Sinn Féin MLAs to snub Assembly recall ‘stunt’

SEVERAL Tyrone MLAs are expected to be among those assembly members returning to sit in Stormont for the first time in almost three years this afternoon.

With the North’s abortion laws due to be liberalised in the continued absence of the Northern Ireland Executive, more than 30 MLAs last week signed a petition for the Assembly to be recalled.

Power-sharing arrangements in the North collapsed in January 2017 in the wake of the Renewable Heat Incentive (RHI) scandal.


However, last week, DUP leader, Arlene Foster, said that she and her party’s other MLAs would return to the Chamber “without pre-condition”.

The Fermanagh and South Tyrone MLA said, “We urge other MLAs who oppose the extreme liberalisation of our abortion law, to step outside any party shackles and join us in recalling the Assembly.

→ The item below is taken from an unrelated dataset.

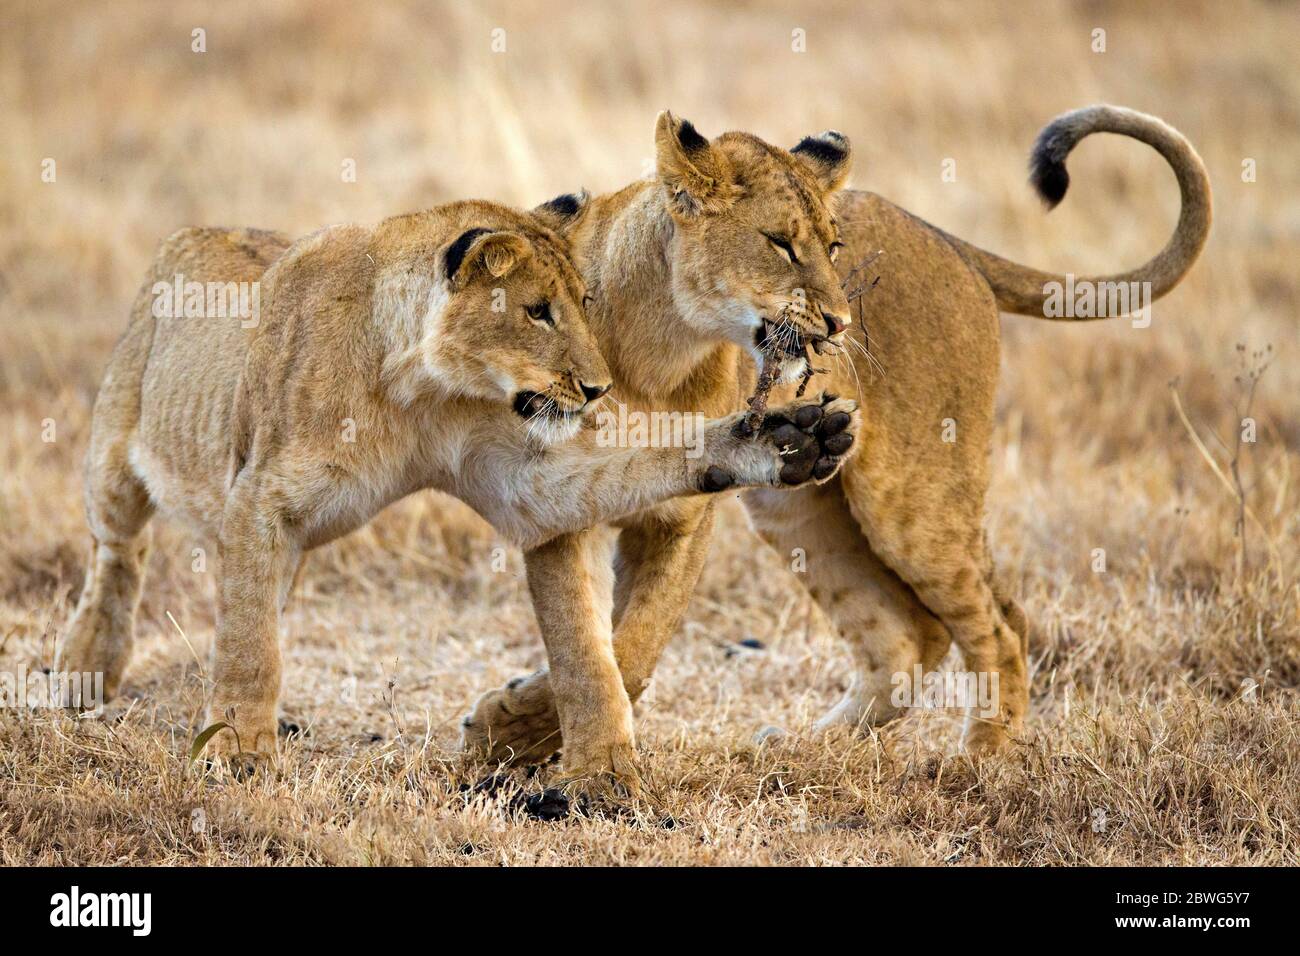 Photographie de la nature de deux lionnes (Panthera leo), zone de conservation de Ngorongoro, Tanzanie, Afrique Banque D'Images

It’s time to get Northern Ireland moving again.”

Also signing the recall petition were four Ulster Unionists, including outgoing party leader Robin Swann, and TUV leader Jim Allister.

It is understood that two West Tyrone representatives, the DUP’s Tom Buchanan and the SDLP’s Daniel McCrossan, who has a pro-life stance, will be in attendance at Stormont today.

Fermanagh and South Tyrone MLA, Rosemary Barton, of the UUP, will also be in the chamber.

On Friday, Mrs Barton appealed to the other MLAs to come along.

She added, “Abortion is a serious issue and needs to be debated.”

But opponents of the move, including Mr McCrossan’s own party leader Colm Eastwood, have dismissed it as a cynical political stunt.

They have pointed out that the recall would not affect the impending law changes, as it would need an executive to be appointed too.

None of Sinn Féin’s three West Tyrone MLAs – Declan McAleer, Catherine Kelly and Maoliosa McHugh – will be in the chamber.

Mr McAleer said, “If we were to go back to the Assembly chamber it would be on a sustainable basis, not as part of a stunt.”

Earlier this year, the UK Parliament at Westminster passed legislation stating that, if the Northern Ireland Executive was not restored by today (October 21, 2019), then the UK government would be obliged to change the law in the North relating to three key issues, including abortion.

The changes would mean that, immediately from tomorrow (October 22), women who seek to access abortion services in the North will no longer be prosecuted.

The legislation, which received the Royal Assent on July 24 this year, will also extend same-sex marriage to Northern Ireland by January 13, 2020, as well as introducing a system of payments for victims of the Troubles – or “victims pension” – in the North.